> _RAW DATA_
'''

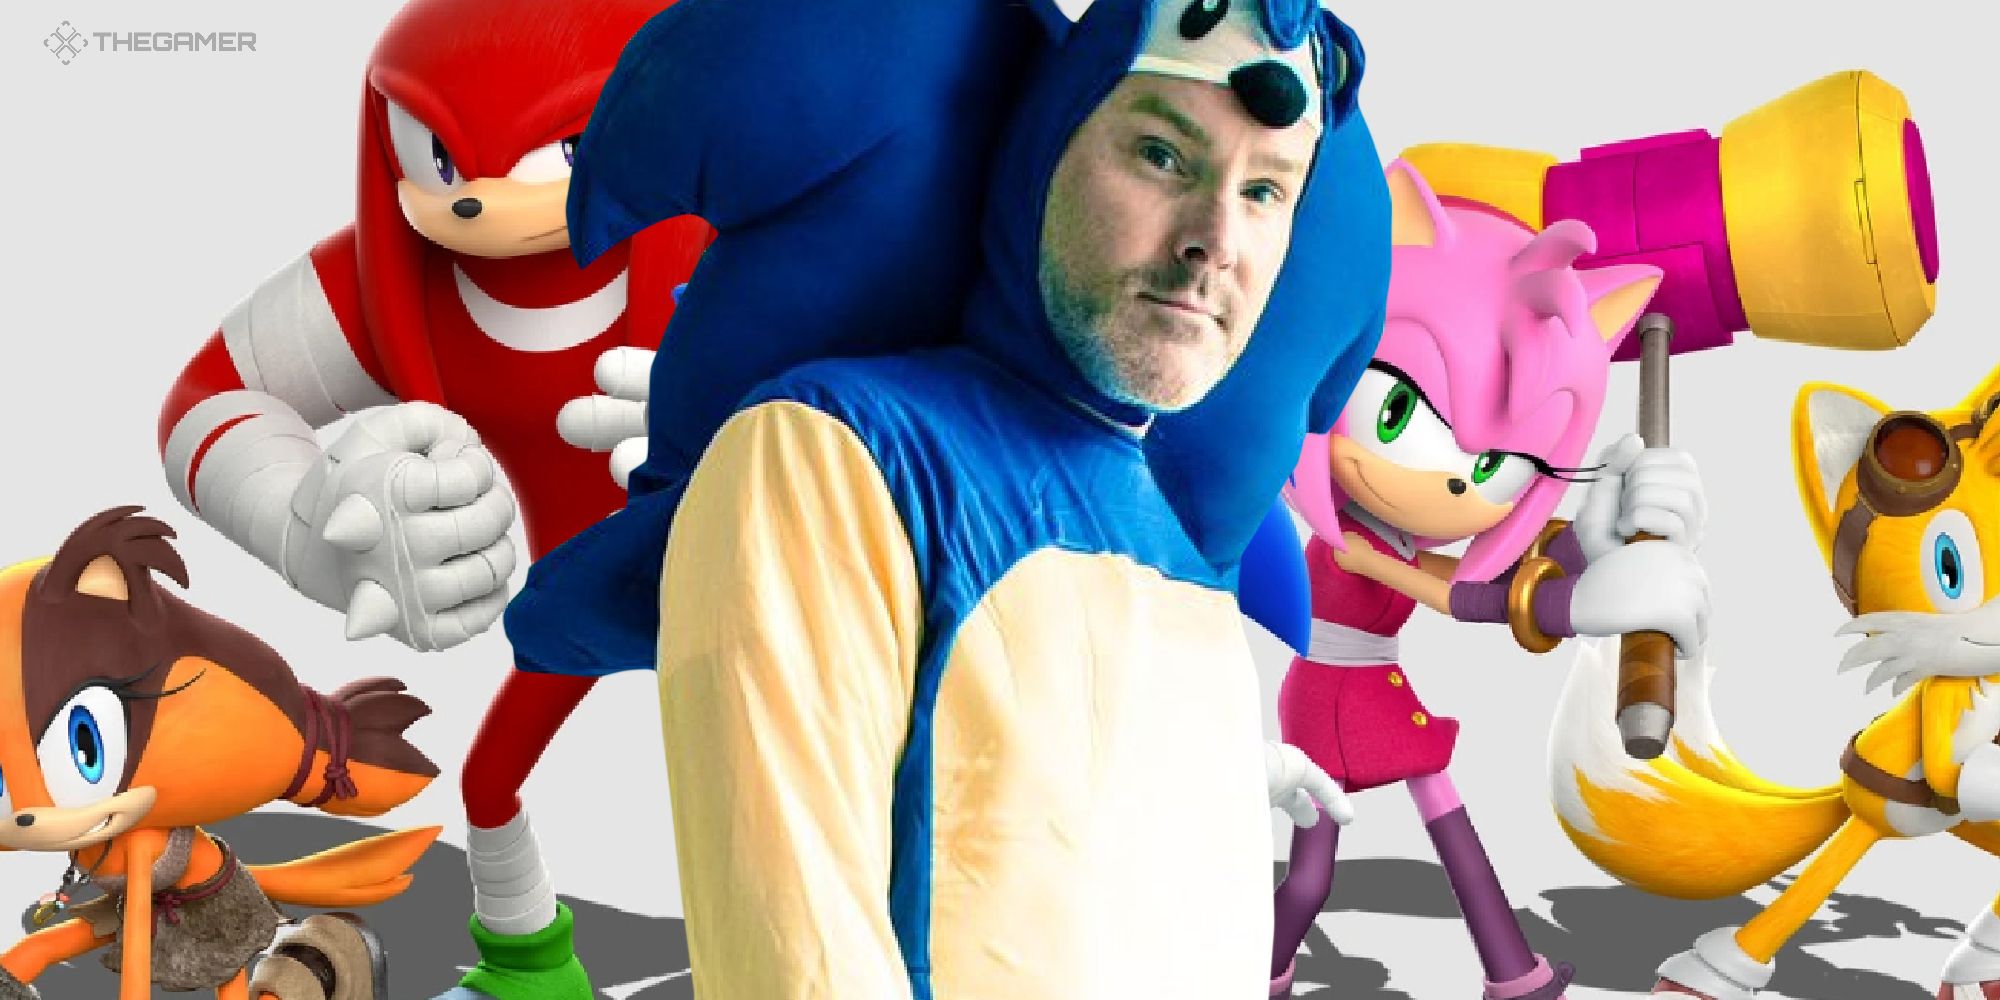  Sonic Boom Super Pack : Roger Craig Smith, Cindy
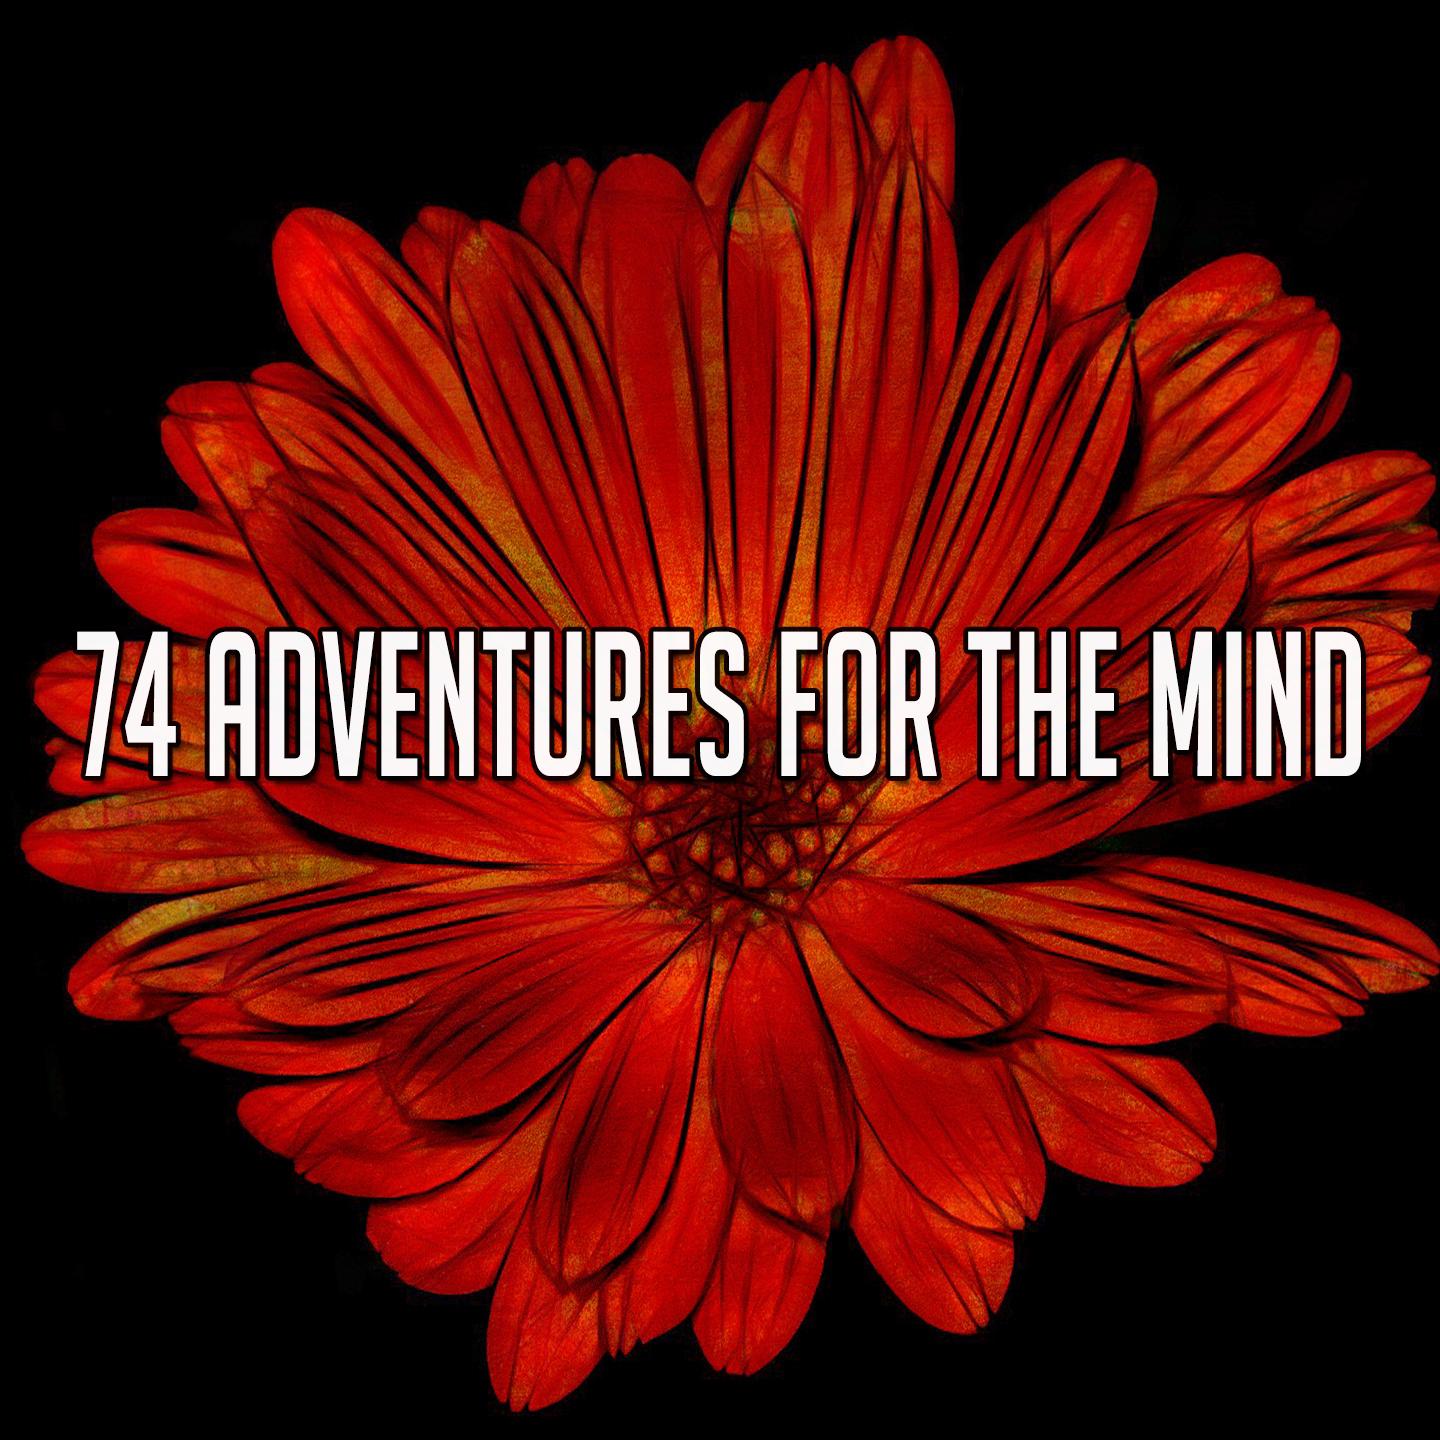 74 Adventures for the Mind
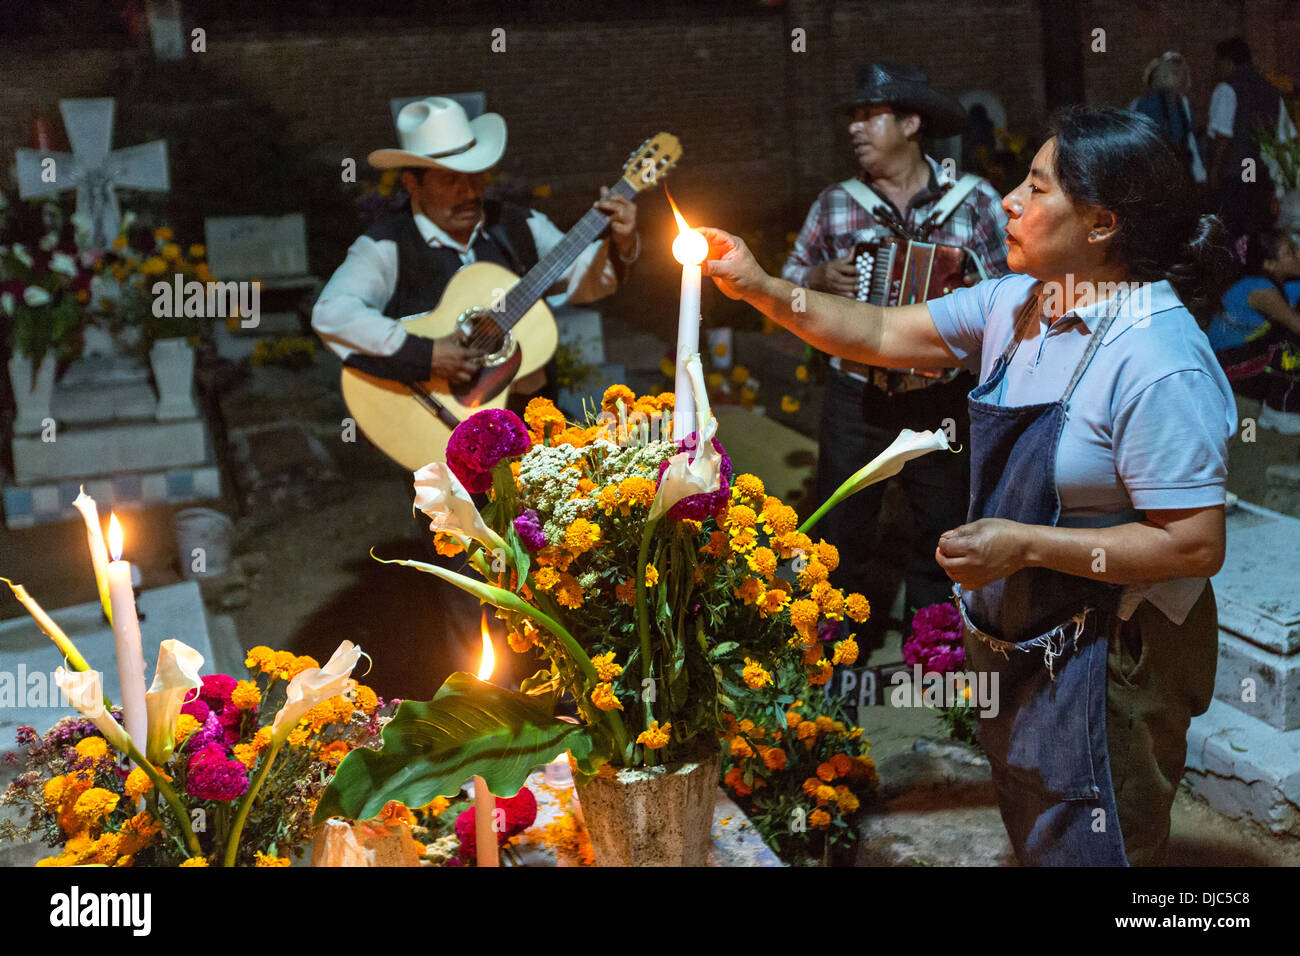 A Mexican woman lights a candle at the gravesite of relatives as a mariachi band plays for Day of the Dead festival. Stock Photo

'''

Reproduce the listing in full and exactly, excluding any pictures it holds.

> _SOLUTION TO THIS EXERCISE_
  Sonic Boom Super Pack : Roger Craig Smith, Cindy
 74 Adventures for the Mind
 A Mexican woman lights a candle at the gravesite of relatives as a mariachi band plays for Day of the Dead festival. Stock Photo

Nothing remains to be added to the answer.